Yes, interestingly ##\nabla \cdot \frac{\hat r}{r^2} = 0##.

What are you missing?
 
  • Like
Likes snoopies622
  • #5
I used [itex] \nabla \cdot (\nabla \phi) = -4 \pi G \rho [/itex] with [itex] \phi = -GM/r [/itex] in three dimensional Cartesian coordinates. Okay, I wasn't sure if the answer should be zero or [itex] -4 \pi G \rho [/itex] with [itex] \rho = M/((4/3) \pi r^3) [/itex]. Thanks!
 
  • #6
snoopies622 said:
I used [itex] \nabla \cdot (\nabla \phi) = -4 \pi G \rho [/itex] with [itex] \phi = -GM/r [/itex] in three dimensional Cartesian coordinates. Okay, I wasn't sure if the answer should be zero or [itex] -4 \pi G \rho [/itex] with [itex] \rho = M/((4/3) \pi r^3) [/itex]. Thanks!

Is it ##0## everywhere?
 
  • #7
Yes, it appears to be zero everywhere except at the origin, where [itex] \phi [/itex] is undefined.

I don't have an intuitive sense of what this result means. Using a different formula for the force of gravity (pretending it's proportional to [itex] 1/r^3 [/itex] instead of [itex] 1/r^2 [/itex] for example) produces a non-zero divergence, even though in both cases the mass of the object creating the field is non-zero.
 
  • #8
snoopies622 said:
Yes, it appears to be zero everywhere except at the origin, where [itex] \phi [/itex] is undefined.

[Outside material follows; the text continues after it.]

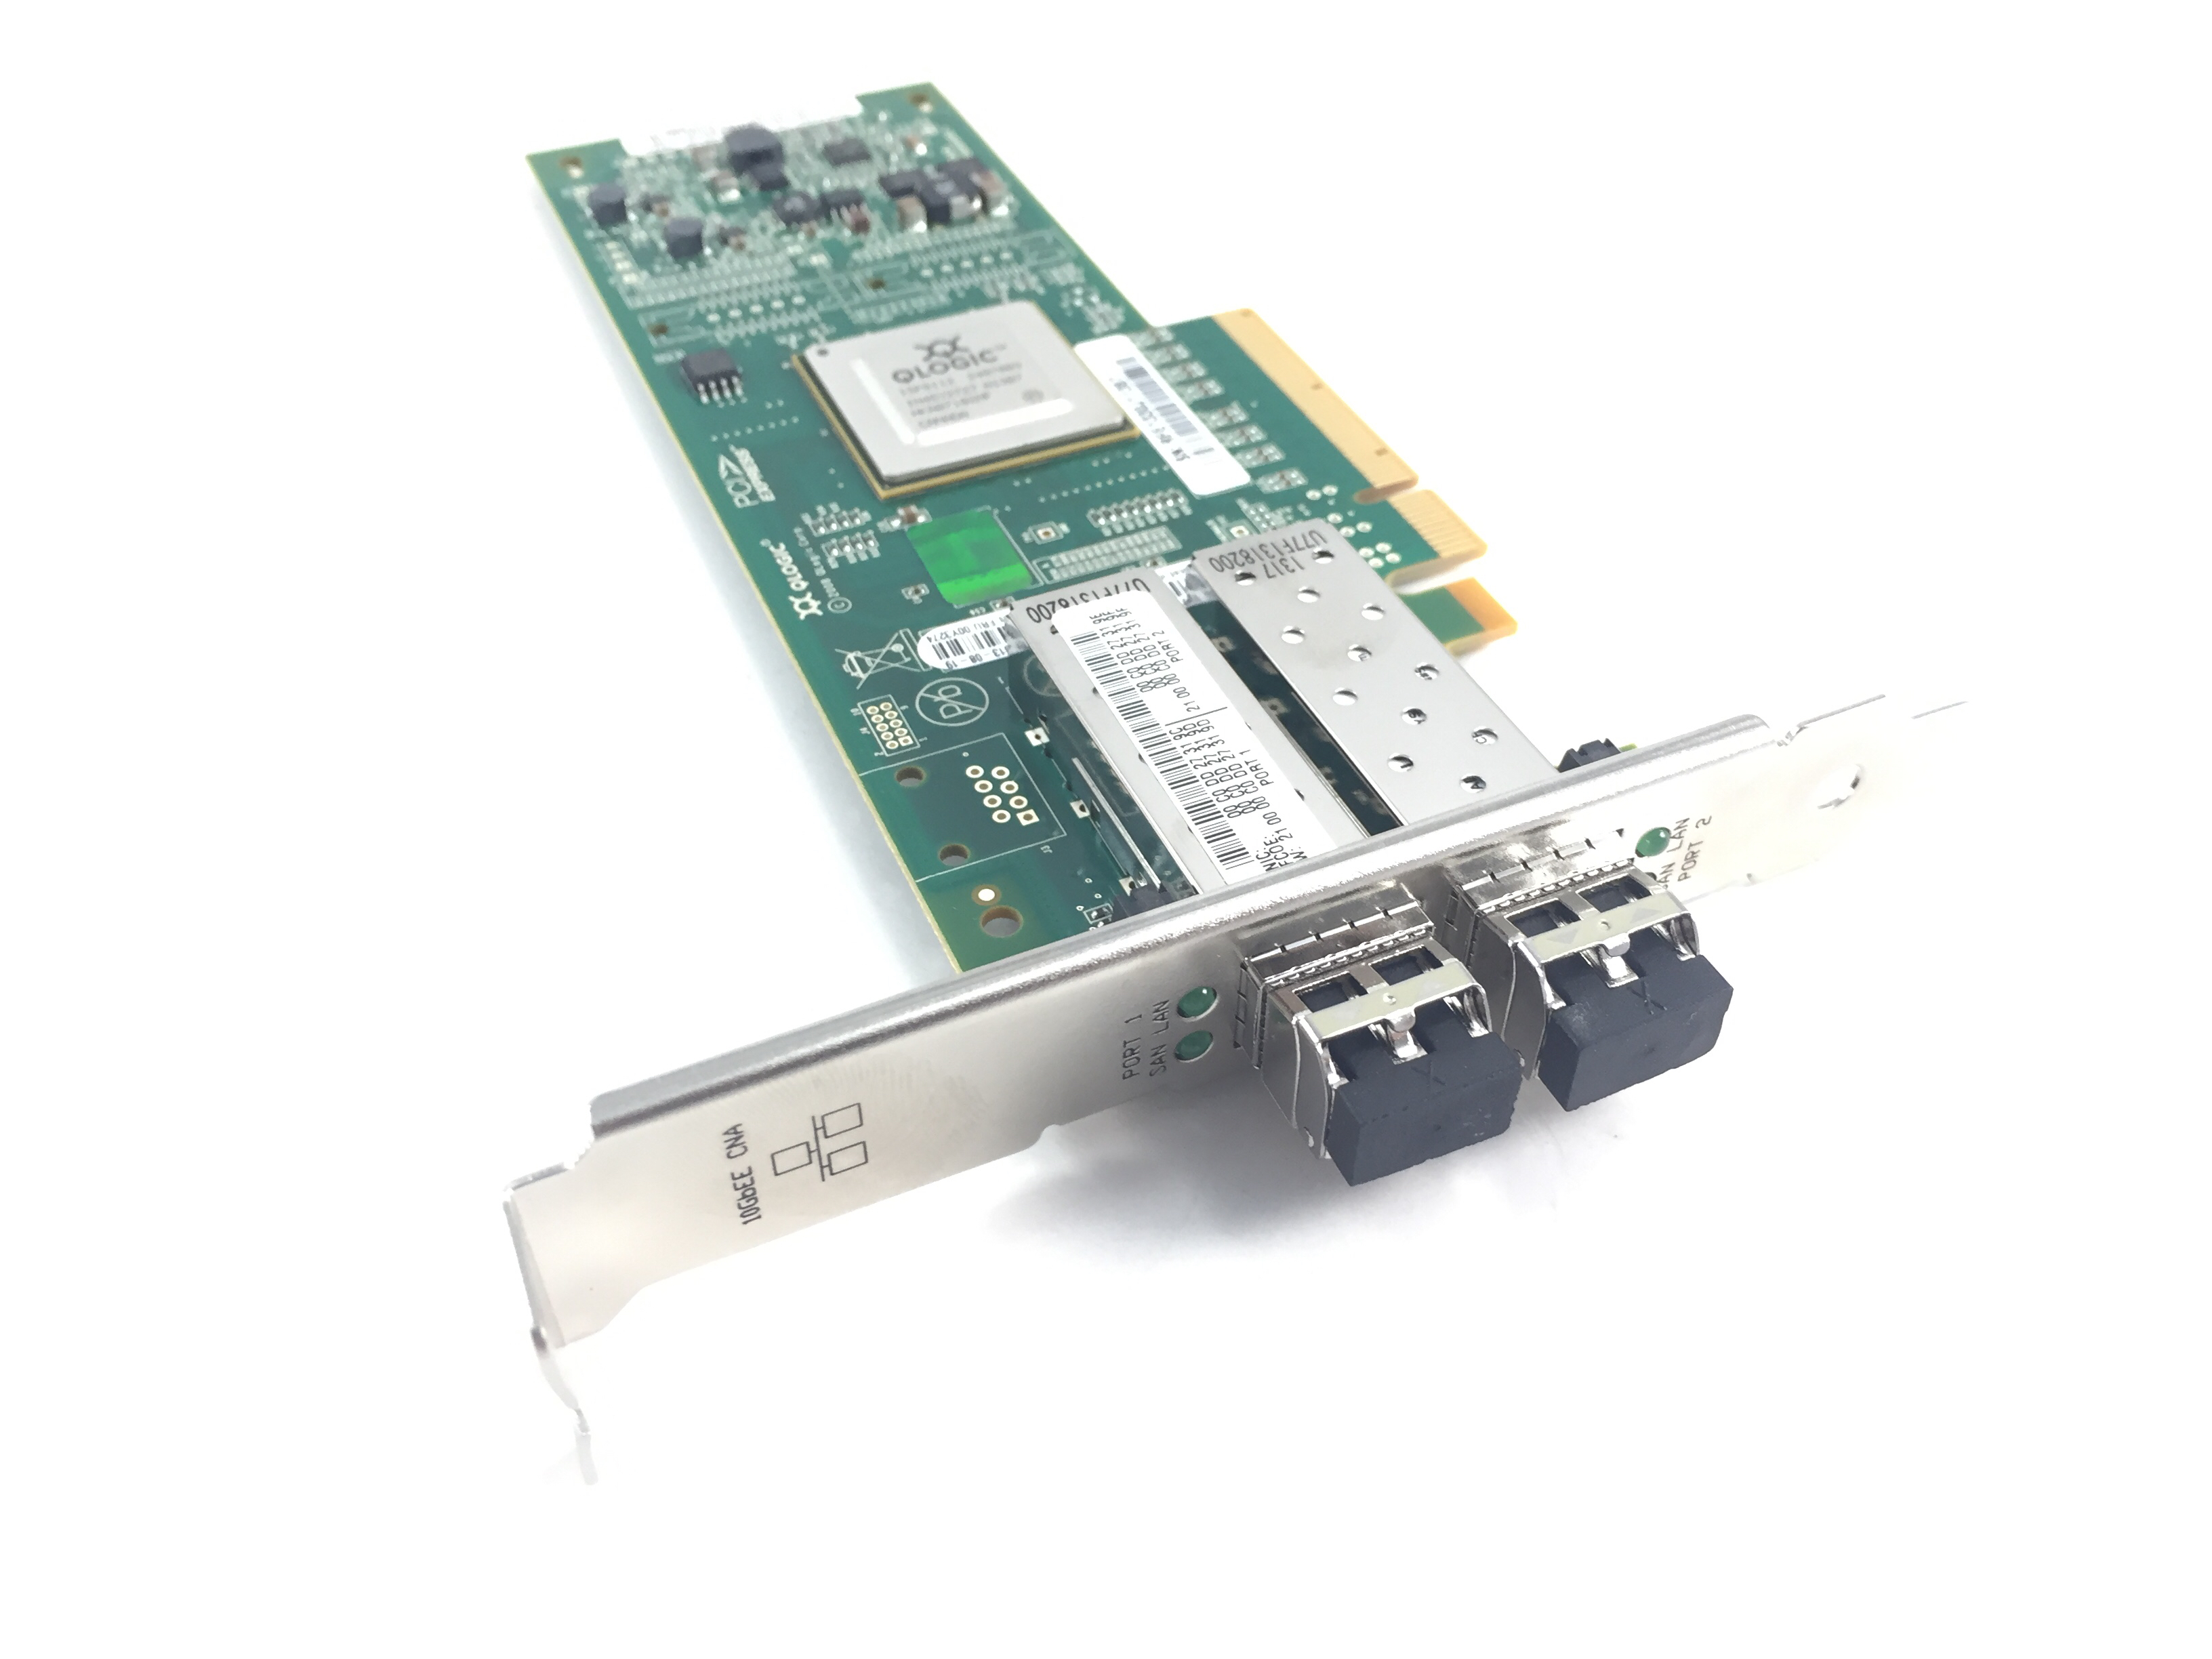 IBM Qlogic Qle8142 10GB Dual Port PCI-E Network Card w/ Transceiver (00Y3274)

I don't have an intuitive sense of what this result means. Using a different formula for the force of gravity (pretending it's proportional to [itex] 1/r^3 [/itex] instead of [itex] 1/r^2 [/itex] for example) produces a non-zero divergence, even though in both cases the mass of the object creating the field is non-zero.

Mathematically, the divergence theorem does not apply in this case because of the function at ##r=0##.

One solution is to consider a small but finite mass at the origin. In which case, all the divergence is in that small region, and zero outside it, and thew divergence theorem holds.

The other option is to define the divergence of the inverse square function as a three-dimensional Dirac Delta function. In this case, you use Gauss's law (the value of surface integral) and insist that the volume integral must have the same value, hence the divergence must be a Delta function.
 
  • #9
The problem is that "point masses" are fictitions that make our lives often simpler but only as long as we don't look at the place where the "point mass" sits.

To solve your problem rather consider a mathematically better defined model for the source of your gravitational field first. The most simple you can think of is a sphere with a finite radius ##a## located at the origin of the coordinate system with a constant mass density ##\rho##, i.e.,
$$\rho(\vec{x})=\begin{cases} \rho_0 & \text{for} \quad |\vec{x}| \leq a \\0 & \text{for} \quad |\vec{x}|>a. \end{cases}.$$
Now you can apply the usual math of vector calculus. You know that the gravitational field ##\vec{g}(\vec{x})## is a conservative field, i.e., that there is a scalar potential ##\Phi## such that
$$\vec{g}=-\vec{\nabla} \phi$$
and then there's "Gauss's Law",
$$\vec{\nabla} \cdot \vec{g}=-\Delta \Phi=-4 \pi G \rho,$$
where ##G## is Newton's gravitational constant (the factor ##4 \pi## is conventional).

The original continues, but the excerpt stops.